Не в осуждение, не в порицание, но в размышление, дабы получше понять, какими мы были до разрухи и чем прежние добрые времена и «бывшие» люди отличались от времен, что наступили после разрушения нашего общего «сараюшки-дровника», пишу я эти строки. Теперь, чтобы ее, кромешницу-разруху углядеть да поймать, потребен стал весьма совершенный микроскоп, через который мы бы смотрели на каждую клеточку, ловя следы разрухи там, где никто и не  подозревал бы присутствия чего-то такого недолжного…

***
…Несколько лет назад скончался один выдающийся ученый, между прочим, наш дальний родственник, правда, родство это обнаружило себя совсем неожиданно, и совсем незадолго до его кончины, но, несомненно и неоспоримо. Для всех он был образцом человека старинного, реликтового, «живой историей», хранящей в себе отблески той еще стародавней русской утонченной ученой культуры, образчиком традиционного поведения в науке и в повседневной жизни, манер, подкупавших многих его необычайным остроумием, свободой, самобытностью, доходящей иногда даже и до некоторой экзотичности поведения, которое он щедро являл и на своих лекциях, и в своих печатных текстах, и в общении с интервьюерами, которым все это, разумеется, безумно нравилось. Расспрашиватели буквально млели от его эпатажных приемов и разворотов мысли… Мол, старинный русский культурный человек – это так прекрасно, так модно!
Рассказывая о себе, он почти всегда, когда речь заходила о его происхождении и, в частности, об отце, непременно шутил: «папа мой был самый непутевый человек», и далее рассказывал о том, как тот, имея в прошлом венчанный брак, в 60 лет женился на семнадцатилетней девушке, его матери. А ведь этот «реликт», как утверждали биографы, был верующим православным человеком…
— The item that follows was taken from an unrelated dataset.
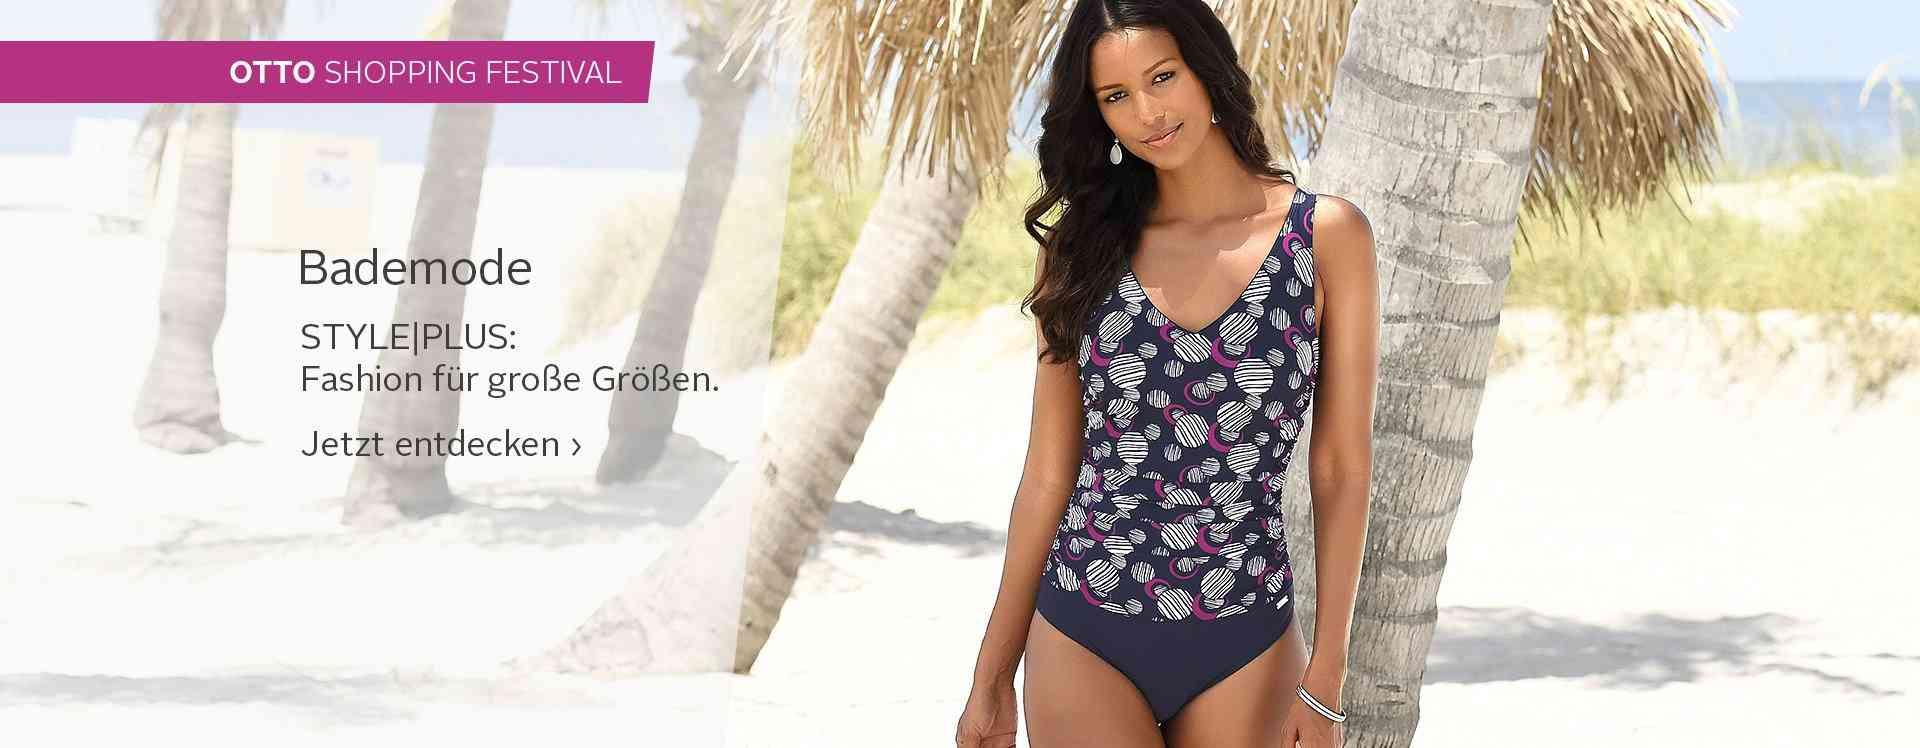 OTTO präsentiert Bademode in großen Größen: Bikinis, Tankinis, Badeanzüge und vieles mehr!

Встречая – и не раз! - эти суждения в печати, я не могла избежать сравнения этого оригинального и неплохо знакомого мне типа современного - а ля ретро – человека, с моим дядей, бабушкиным сыном, который в пять лет остался без отца. Я уже рассказывала ранее, что деду моему – офицеру «Дикой дивизии», сохранившей весной 1917 года верность присяге и Государю, невозможно было оставаться в России, что, вернувшись после расформирования дивизии в Москву, он и в штатском был быстро распознан, и, попав в застенки Чрезвычайки, ждал расстрела. Но чудом спасся. Сработало сразу два спасательных «устройства»: его кольцо с дивным огромным сапфиром на пальце (запомним этот сапфир, дорогой читатель, любящий тайны, которые нередко становятся явными, открывая при том еще более глубокие пласты тайн жизни и духа, – про дедовы сапфиры рассказ не за горами), которое его приятель Владимир Нилендер (тот, что потом переводил Архилоха: «Флягу бери - и шагай по скамьям быстроходного судна. /С нею и крышки скорей с емких кувшинов снимай, / Красное черпай - до самой гущи - вино: потому что / Трезвым на страже такой нам не под силу стоять!») сумел всунуть это кольцо кому-то из чинов, и ходатайство Бонч-Бруевича, которого знала еще с давних времен как этнографа-сектоведа, бабушкина сестра Вера Александровна.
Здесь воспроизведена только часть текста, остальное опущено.